Они напились чаю с сахаром и хлебом.
В комнате стояла всего одна кровать. Другая была на чердаке. Отец ни за что не хотел спать на кровати и постлал себе на полу.
Он уложил сына в постель, подоткнул одеяло, укутал, как некогда, ноги, поцеловал в лоб, неумело скрутил папиросу, подал огня и перекрестился. А сам, сгорбившись, сел в изголовье и, нежно перебирая жесткие, шесть месяцев не стриженные волосы сына, шептал:
— Спи, сынок. Христос с тобой. Спи спокойно. У тебя жарок. Поспи.
И долго не мог отец отвести от сына своих покрасневших, плохих без пенсне глаз.
А у сына точно начинался легкий жарок. Он наполнял глазные впадины, волок по ресницам сусально смуглую паутину ночника, сладко ломил кости. Яркий червячок фитилька, потрескивая над блюдцем, блаженно плавал в домашней тишине. И, засыпая под отцовской ладонью, Петр Иванович вспомнил, как в детстве в этой же квартире, но в другой комнате, он болел скарлатиной и выздоравливал.

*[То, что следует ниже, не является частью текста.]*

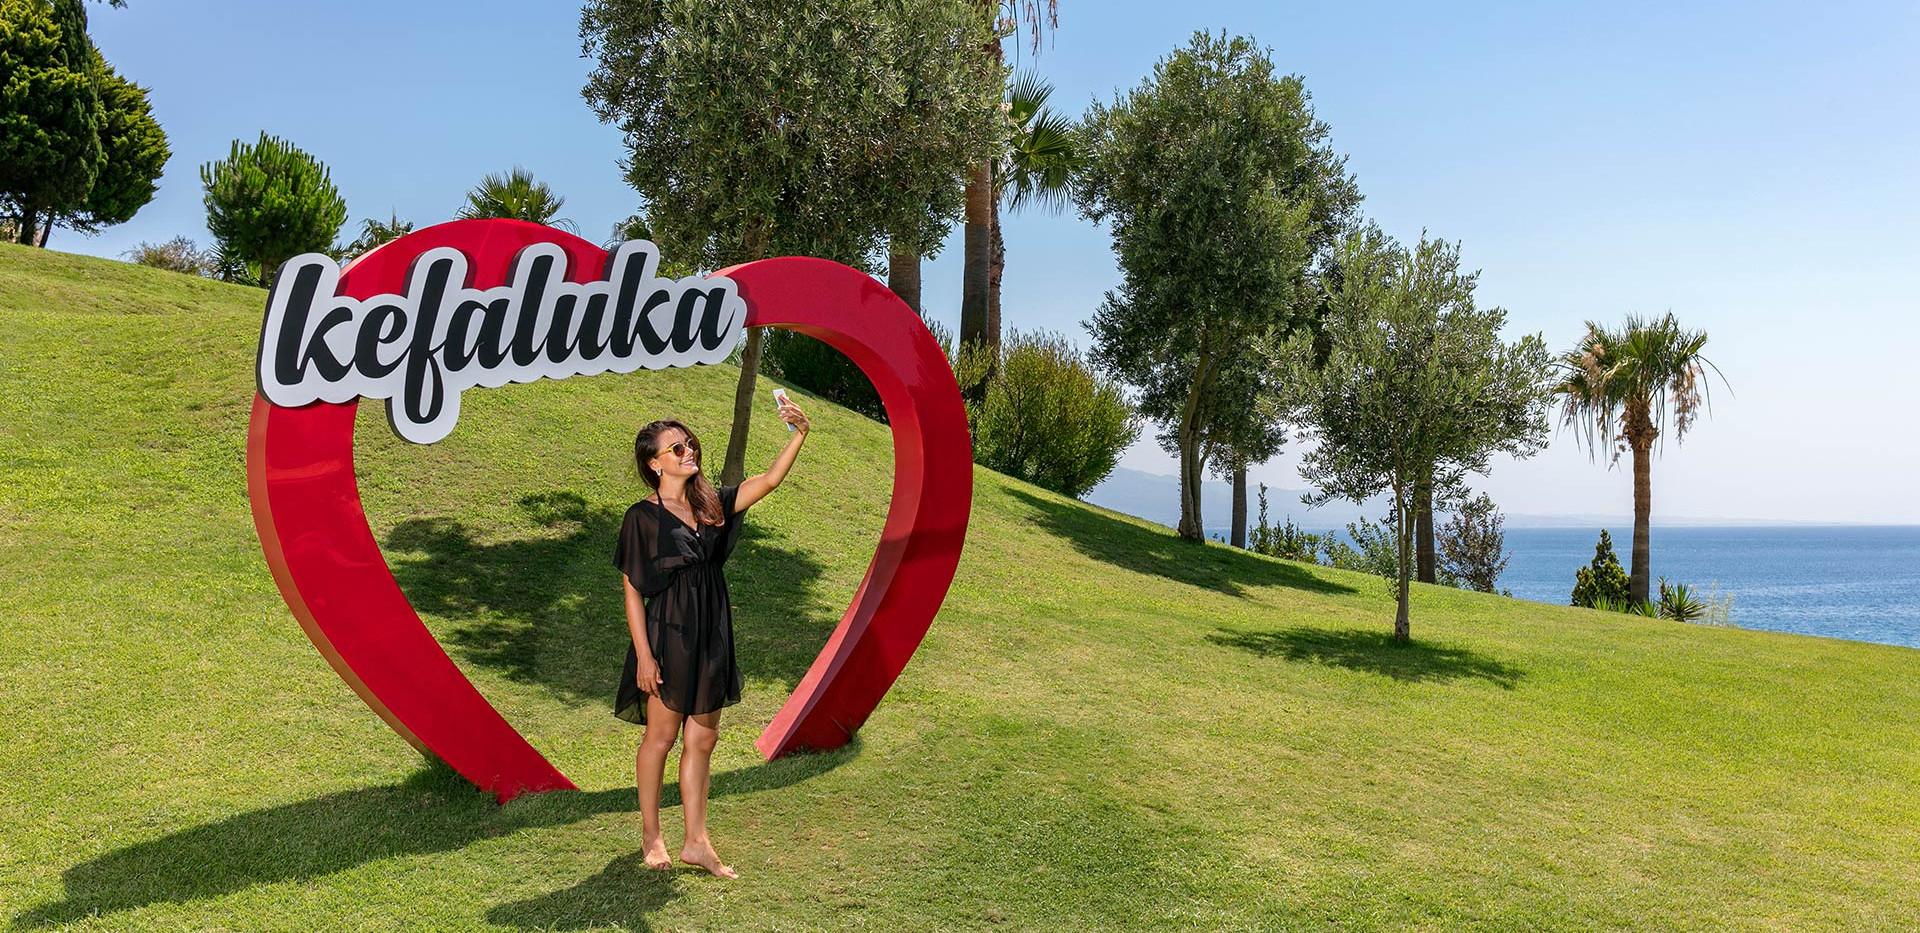 kefaluka_doli_travel_club

Вечером у его постели на стуле горел стакан крепкой малины. Лампада наполняла угол сусальным жаром образов. Громадная тень пальмовой ветки легко и сладко лежала на полутемном потолке. Позади (он не видел, но знал) за письменным столом сидел, исправляя тетрадки, отец. Там была низкая сумрачная зелень абажура. Этот вечер был замечательным вечером в Петиной жизни. Ему принесли письмо. Большой белый легкий конверт, заклеенный синей облаткой. И были в этом письме написаны необыкновенные слова. Из письма выпала гвоздика. Все вокруг мальчика пропахло ее сильным перечным запахом. Он положил ее, вялую и почти черную, под подушку, но письма спрятать не мог. Он должен был каждую минуту смотреть на него и трогать. Во всей квартире, кроме отца и сына, не было ни души. Внизу под ними, в гулких недрах этого нового, одинокого в снегах, бетонного кооперативного дома, наигрывали на рояле. Петя попросил отца сыграть «Месяцы» Чайковского.